Una deslumbrante mañana llena de optimismo veraniego despuntaba en el paraíso chaqueño llamado Villamontes. El sol candente anunciaba que ardería absolutamente todo en la faz de la tierra, primero a fuego lento pero luego a llama alta, principalmente al mediodía, justo cuando me tocara freír los sábalos en la parrilla de la acera para nuestro restauran[1]te de clientela tan diversa: matacos, chiriguanos, weenhayeks, chapacos y tobas extraviados. Si despachábamos un buen olor, nos llegaba algún arrogante descendiente de los fundadores del pueblo. Si catequizaban por ahí a la hora indicada, los simpatiquísimos suecos de la Pentecostal, atontados como moscas verdes por el calor sofocante.

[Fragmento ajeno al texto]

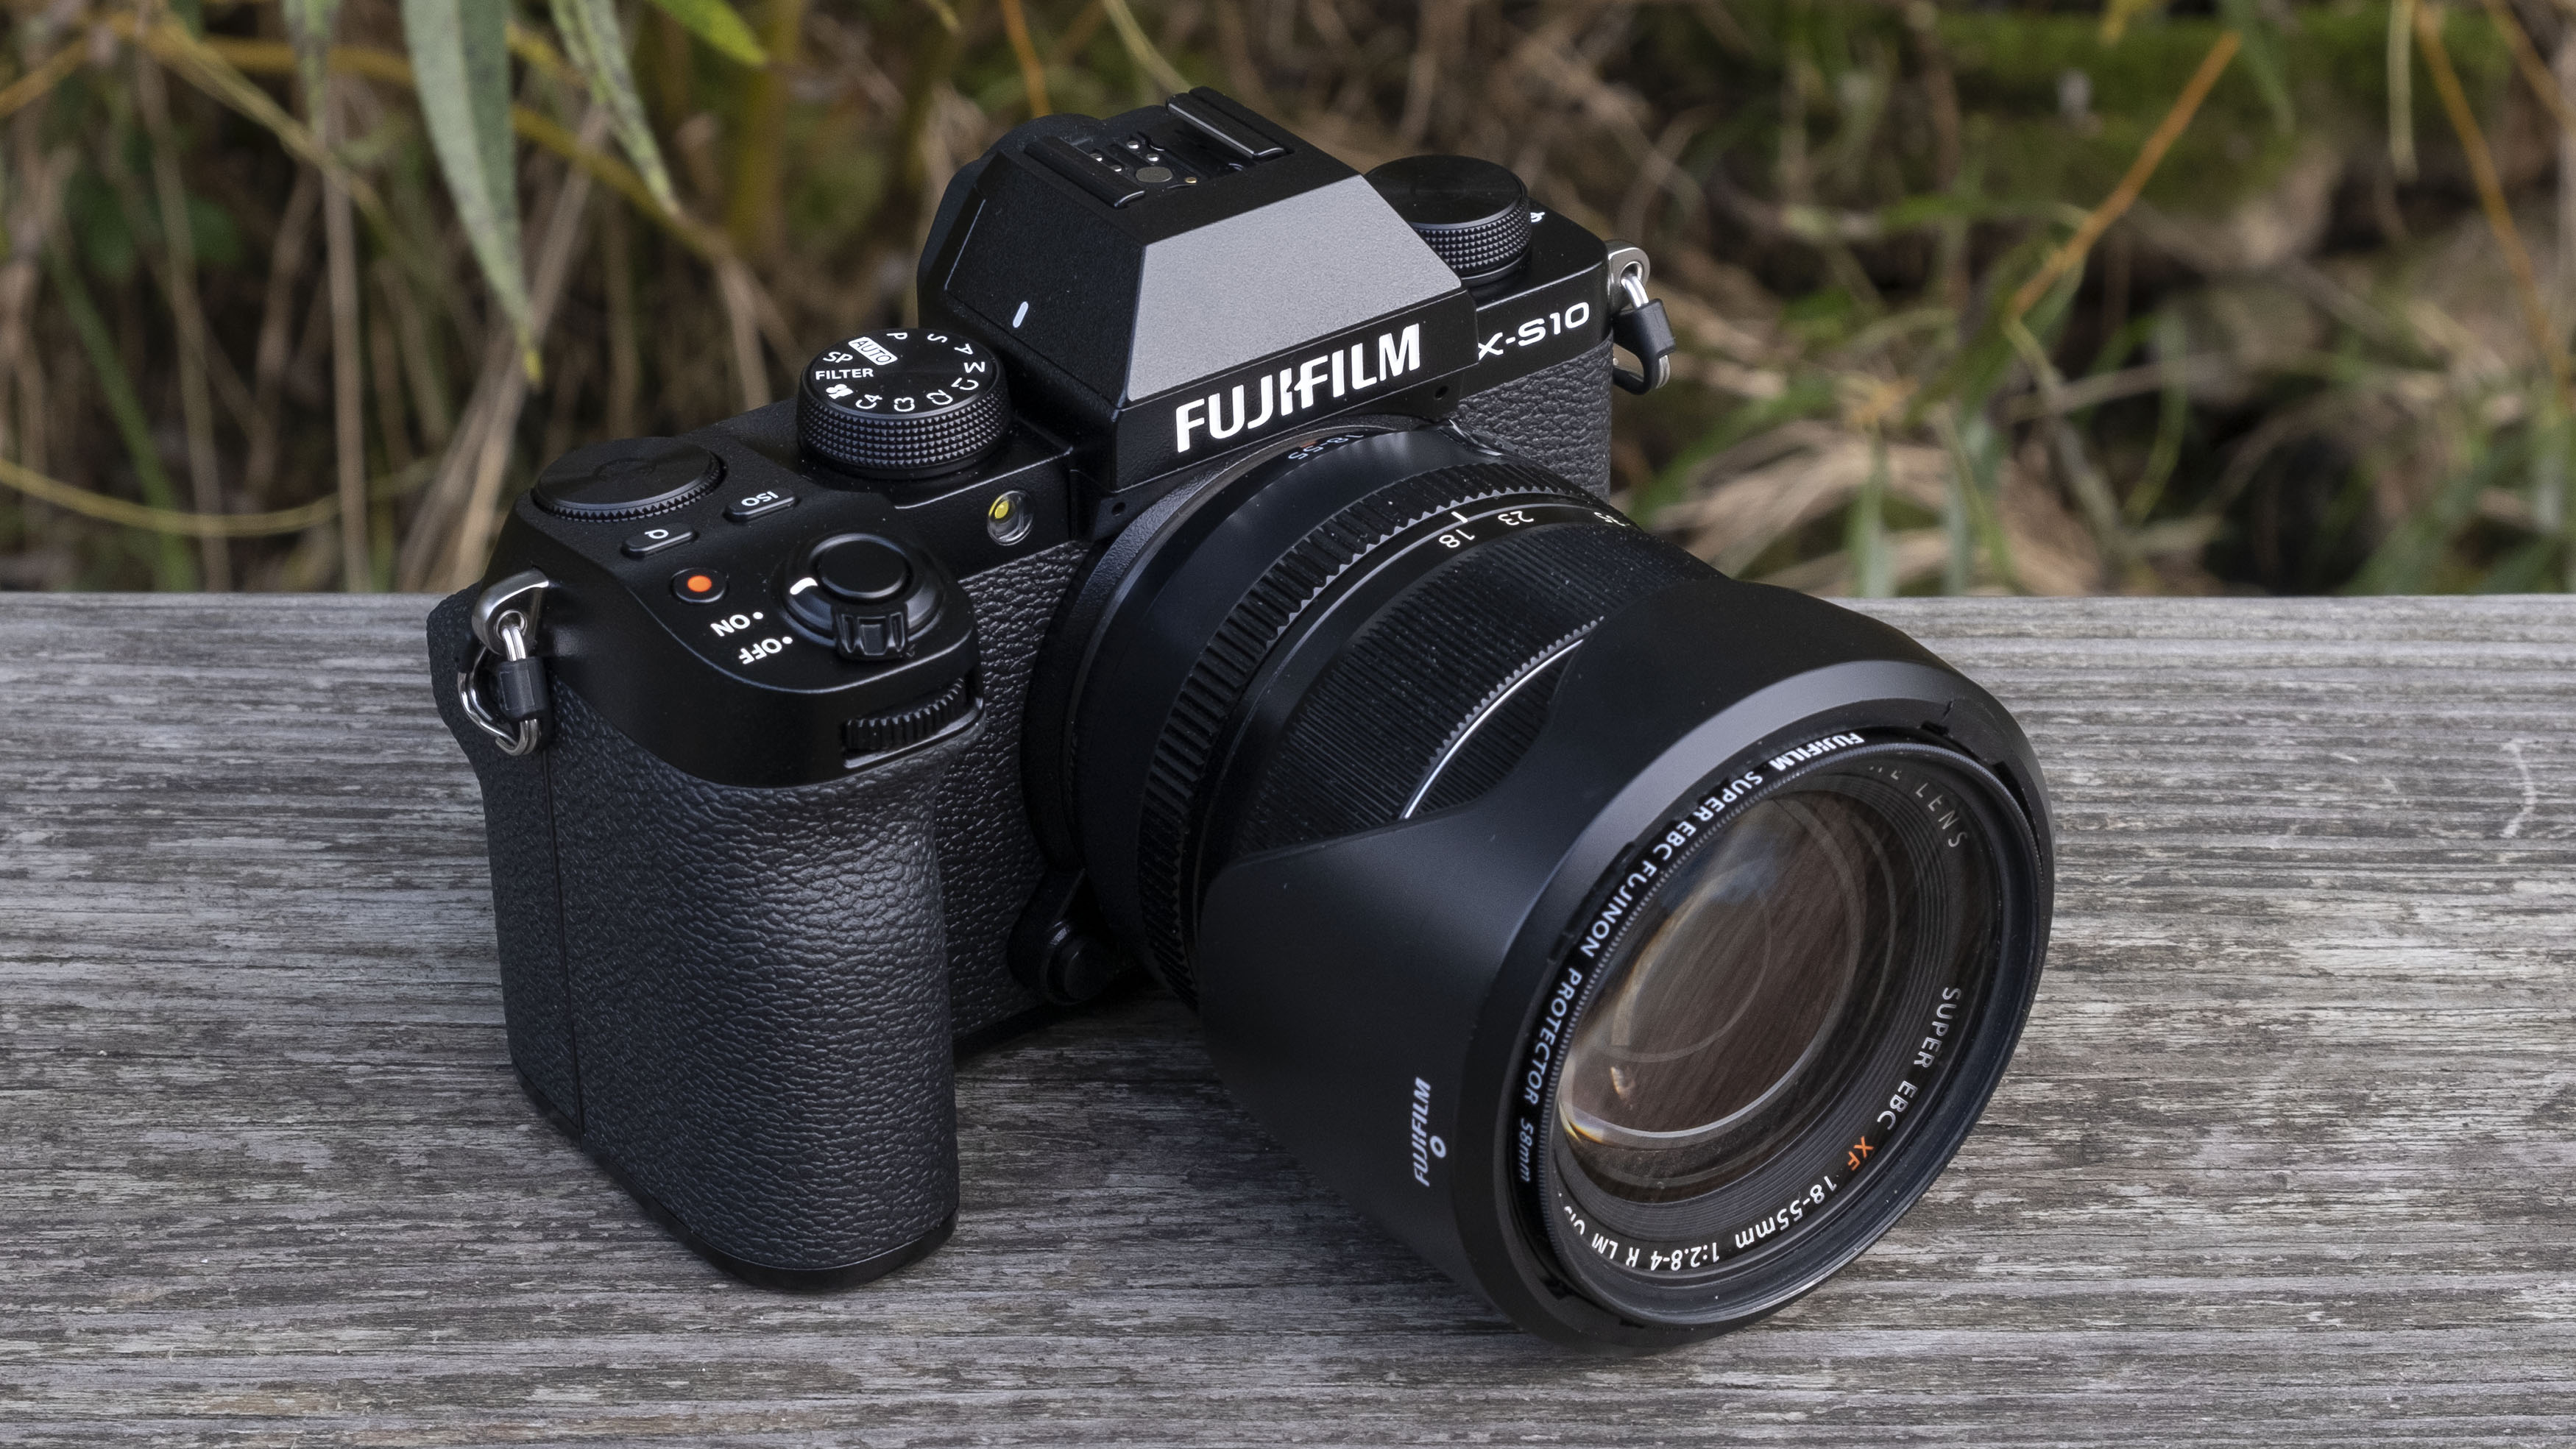 The Fujifilm X-S10 on a wall with the 18-55mm kit lens

Las mariposas amarillas revoloteaban alrededor de la humedad. Las mariposas blancas llegarían con su habitual retraso.
—Han matado a tu cuñado, cholero, y dicen que tú eres el sospecho[1]so principal. Vas a tener que ponerte a investigar si todavía te queda seso.
No atendí sus palabras porque nunca lo hacía mientras me duraba la resaca, pero pronto me senté en el piso firme de la corteza terrestre y sacudí la cabeza como los perros. A tiempo de levantarme alcé el machete y con cierto alivio me persigné y le estampé un beso en el estupendo mango de quebracho. Antes de caminar a la vivienda me miré los brazos: cicatrices viejas, nada más. De peleas viejas. Ni una nueva. Tampoco observé sangre en la hoja acerada y menos materia alguna en la punta ligeramente mellada.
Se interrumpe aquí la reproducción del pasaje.